I won’t summarize all their findings here, but I encourage anyone interested to read the full report. Instead, I want to use this post as an opportunity to flesh out a much more stylized and abstract exercise in equity that not only speaks to the question of award disbursement, but also to the effect disbursement mechanisms have on awardee outcomes: namely, survival, which is linked more generally to the issue of efficiency.
This issue is something that is difficult to tease out in practice. We might imagine how certain disparities in awards received affect outcomes, but measurement poses a severe impediment.
This is a situation where mathematical modeling can help. By developing a stylized model we can imagine counterfactuals that can’t be observed in an empirical setting.
Below, I introduce such a model, describe alternative lottery mechanisms, and illustrate how to do this with some R code.
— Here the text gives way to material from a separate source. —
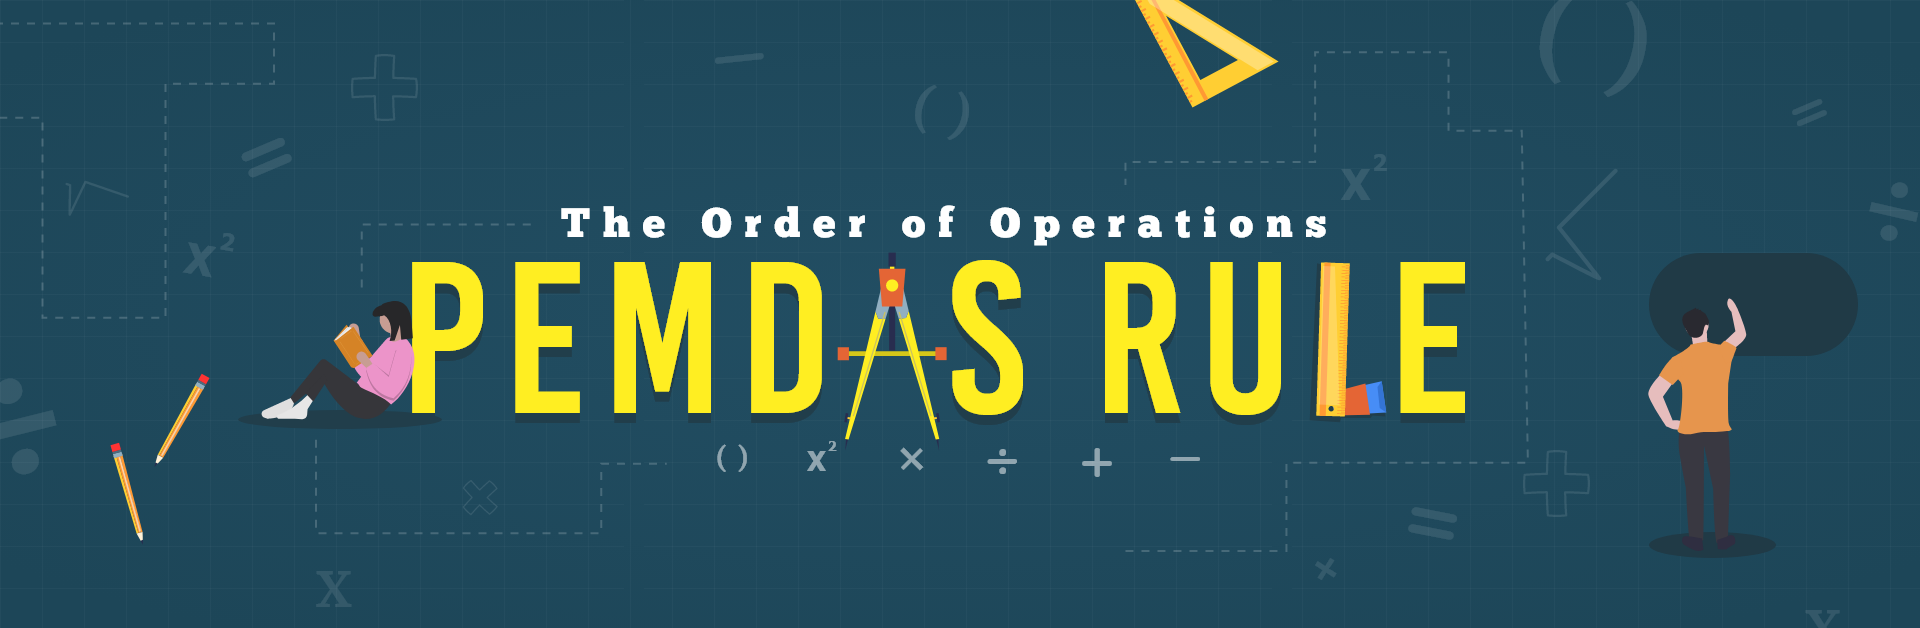 The Order of Operations: PEMDAS Rule

A Counterfactual Model of Small Business Survival
I begin by introducing the model. Suppose a population of N small businesses indexed i = 1, …, N. And, suppose there is some organization (government or private, it doesn’t matter for this exercise) that has M awards it has to decide how to allocate among the N businesses.
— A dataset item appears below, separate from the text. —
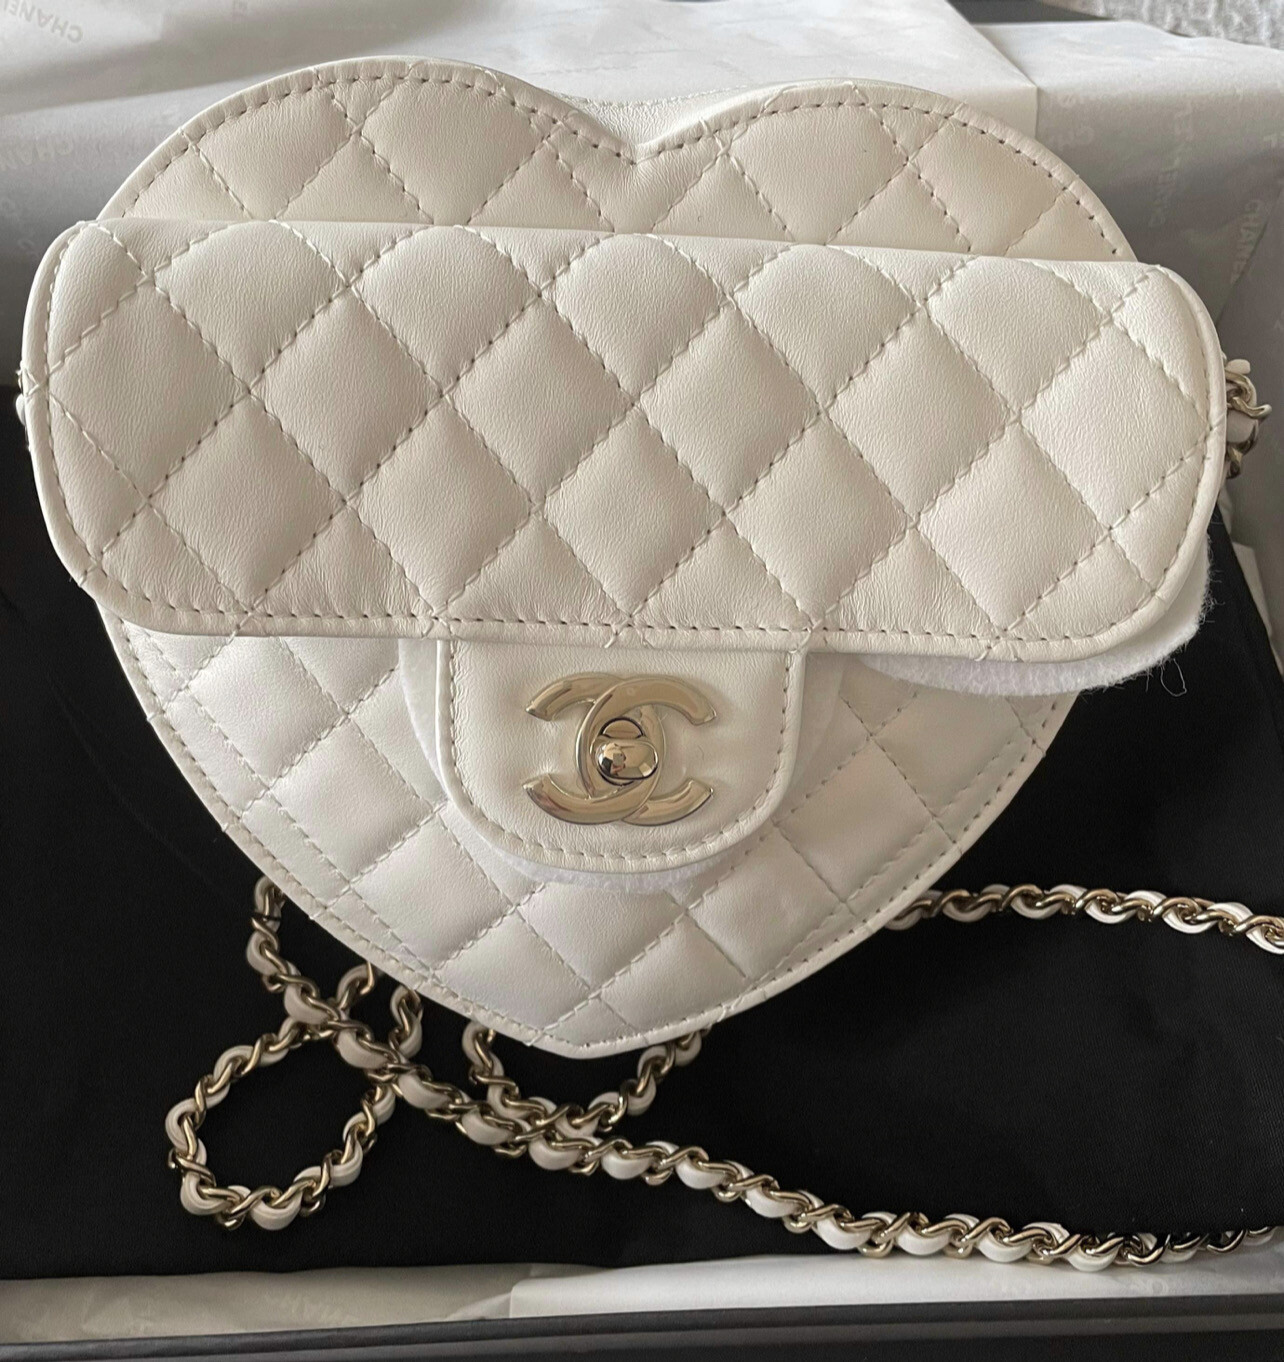 chanel handbags white leather

Each business has a set of counterfactual outcomes, namely, their likelihood of survival with and without an award. If i receives an award, its probability of survival is πia, while its probability of survival is πin ≤ πia without an award. We say i’s revealed probability of survival given whether it does or does not receive an award, denoted Ai ∈ {0, 1}, is
πi = Aiπia + (1 − Ai)πin.
Now, the organization tasked with distributing awards has a problem. The number of possible awardees exceeds the number of available awards (M < N). Because of this scarcity, some businesses will receive an award while others will have to be excluded. Clearly, it would be best if all businesses receive an award since each business does at least as well or better with an award than without.
The question is, how to choose who does and doesn’t get an award?
At the heart of this question is the tension between equity and efficiency. On the one hand, it is desirable that all businesses have an equal opportunity to receive a financial award. On the other hand, some businesses may benefit more from receiving an award than others. Thus, an equitable lottery may not produce the best net social benefit.
This is a weighty question, and I make no pretense to know what the morally right decision to make is. I also don’t think this is an appropriate end of mathematical modeling.
Rather, I think this exercise is best suited to clarifying the trade-offs between equity and efficiency.
In particular, consider four set-ups. First, suppose the organization giving out awards decides to implement a lottery. However, in designing this lottery, it may choose whether to institute a fair lottery where each business has an equal likelihood of getting an award, or else the organization may choose to implement one of three weighted lotteries where businesses receive differential likelihoods of being awarded depending on some set of criteria. For one lottery, the criterion is based on how much a business benefits from an award:πia − πin. The next assigns weights based on the anticipated likelihood of survival with an ward: πia. The final weighted lottery is based on the likelihood of business failure without an award: 1 − πin.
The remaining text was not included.